About this exercise | Retype the data below verbatim; pictures do not belong in the copy.

Given data |
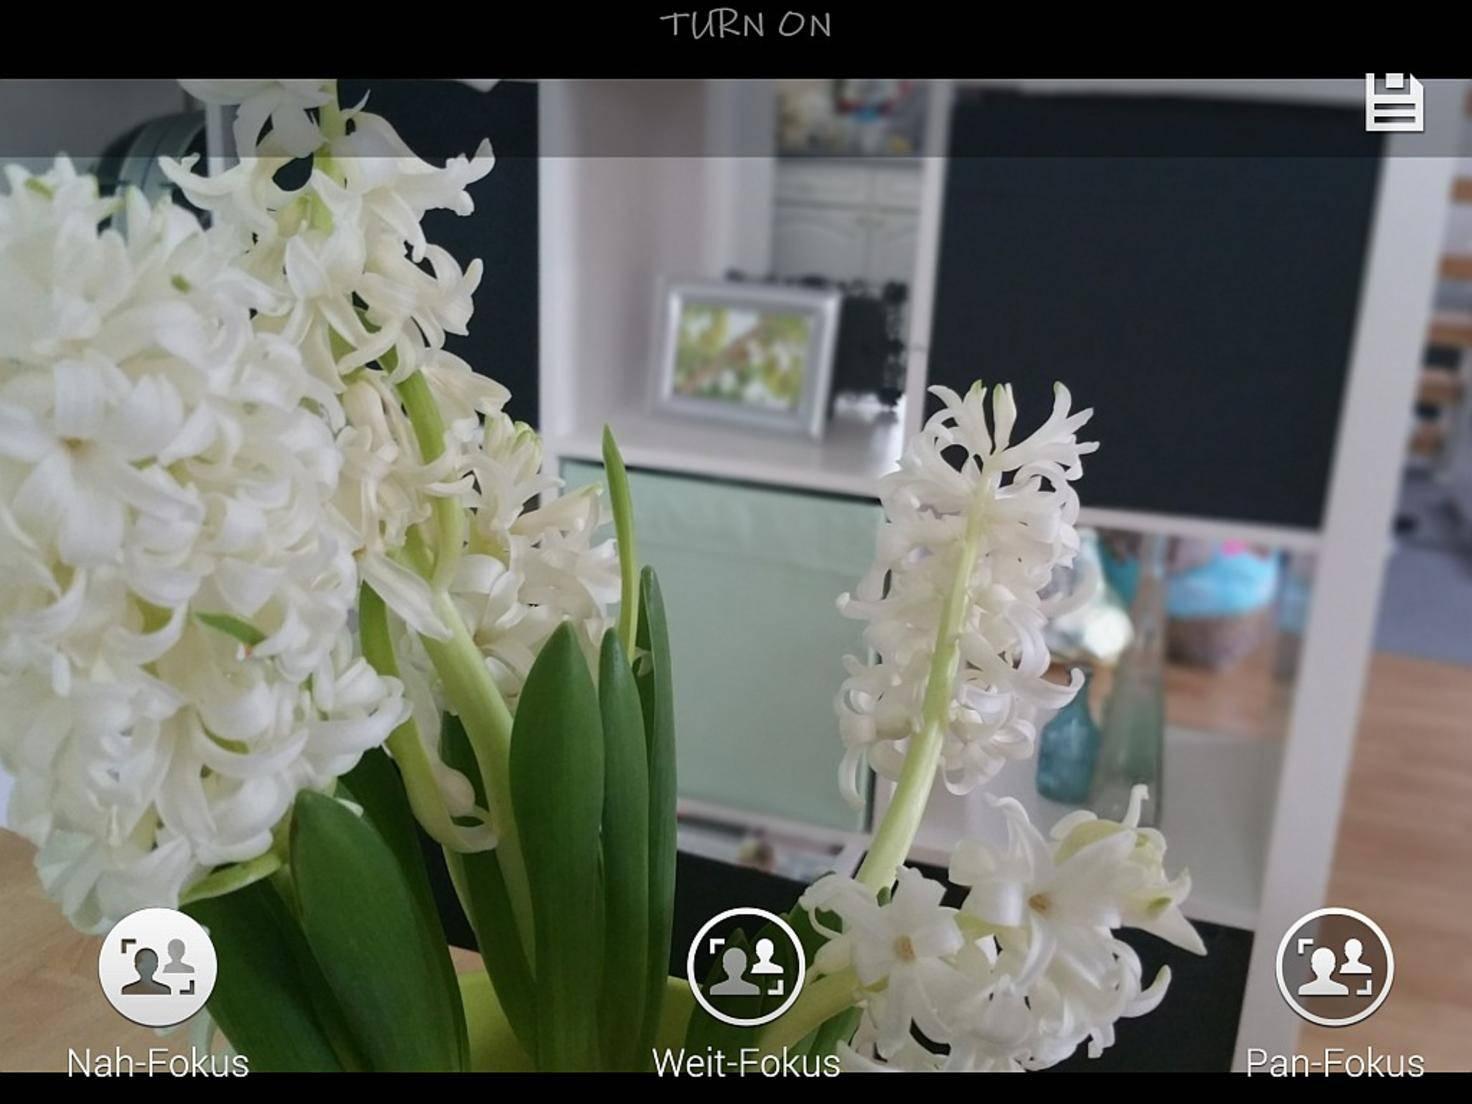 Hier ist die Blume im Vordergrund fokussiert.
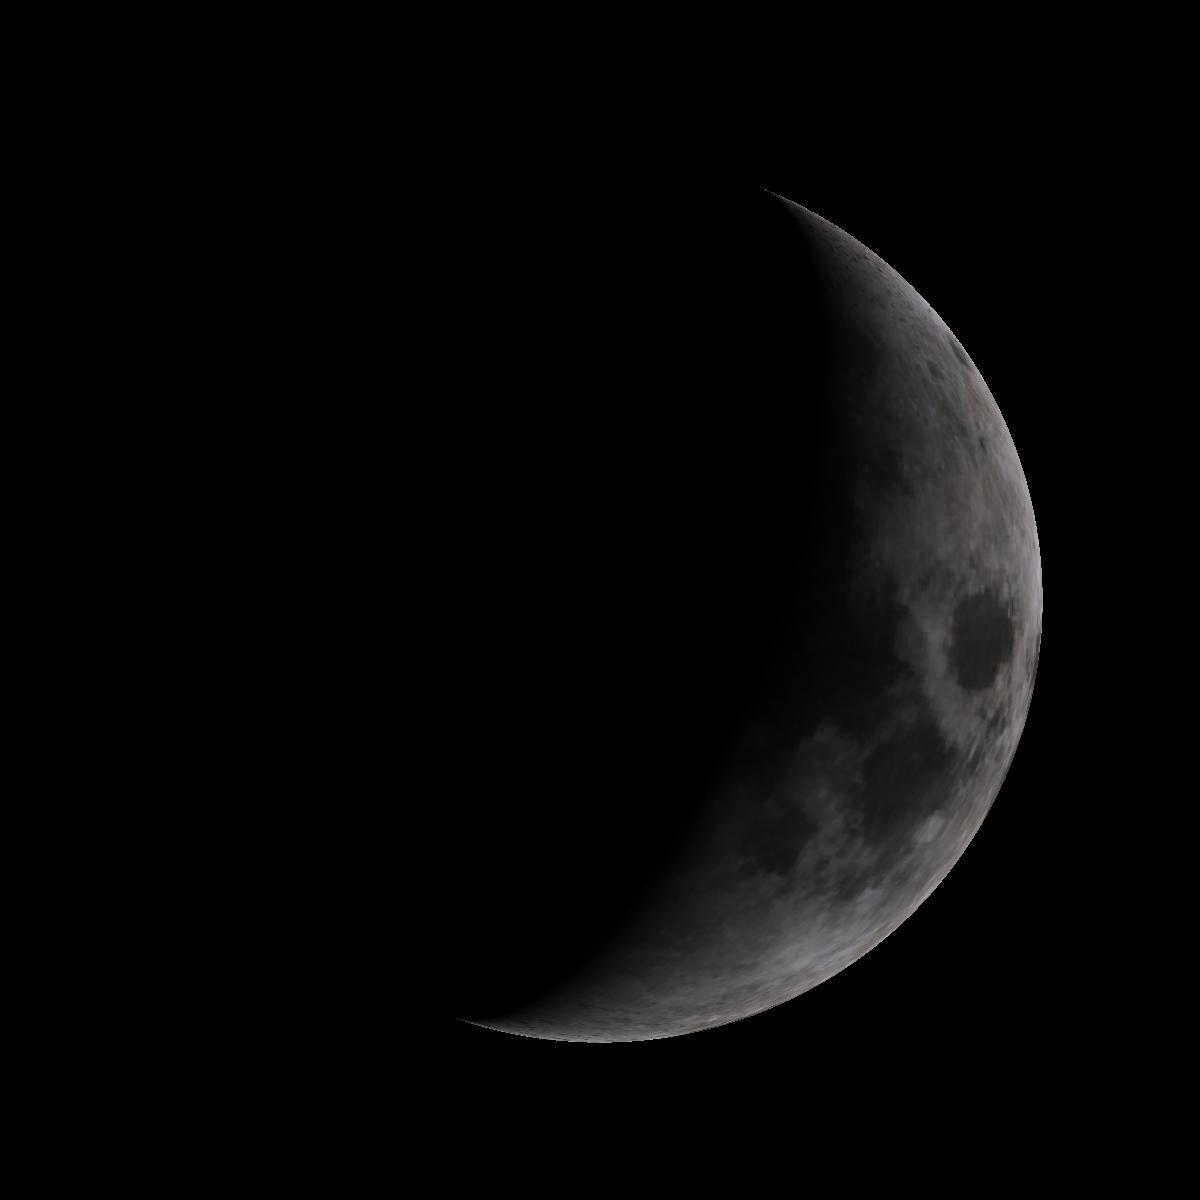 Lune du 31 janvier 2020
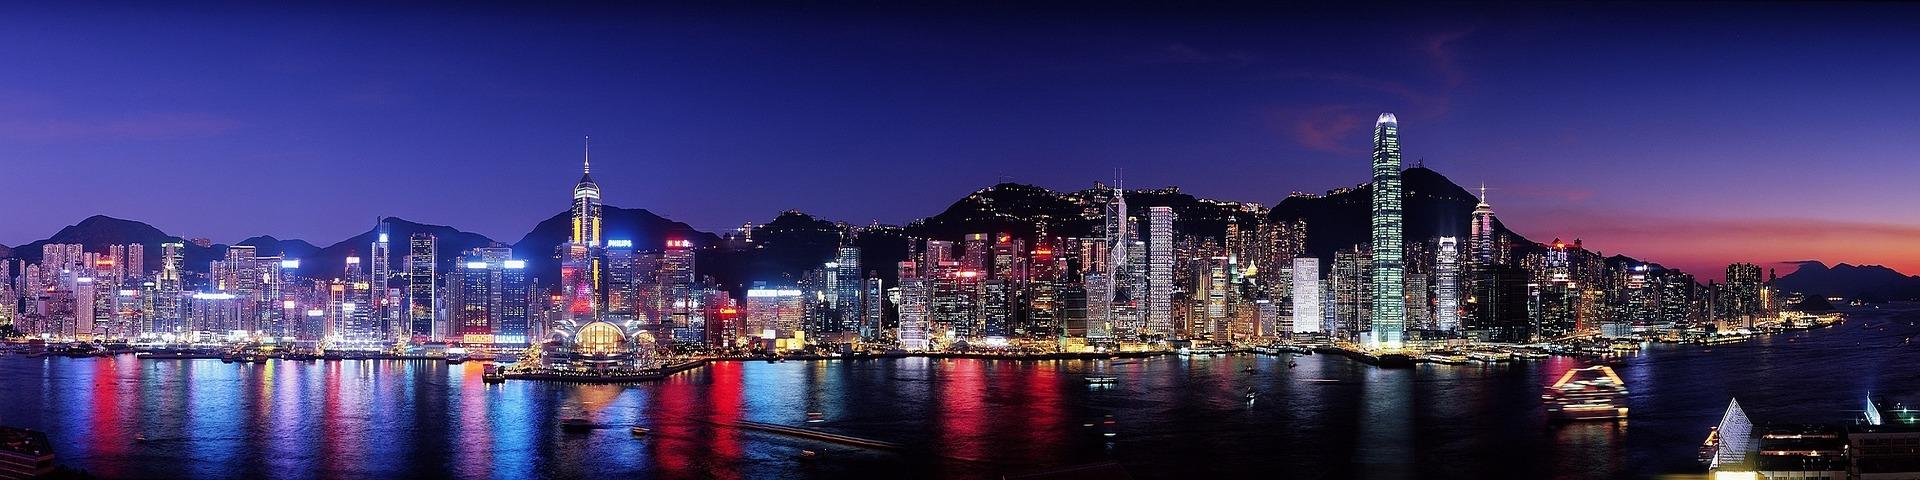 Hong Kong matchmaking

Solution |
 Hier ist die Blume im Vordergrund fokussiert.
 Lune du 31 janvier 2020
 Hong Kong matchmaking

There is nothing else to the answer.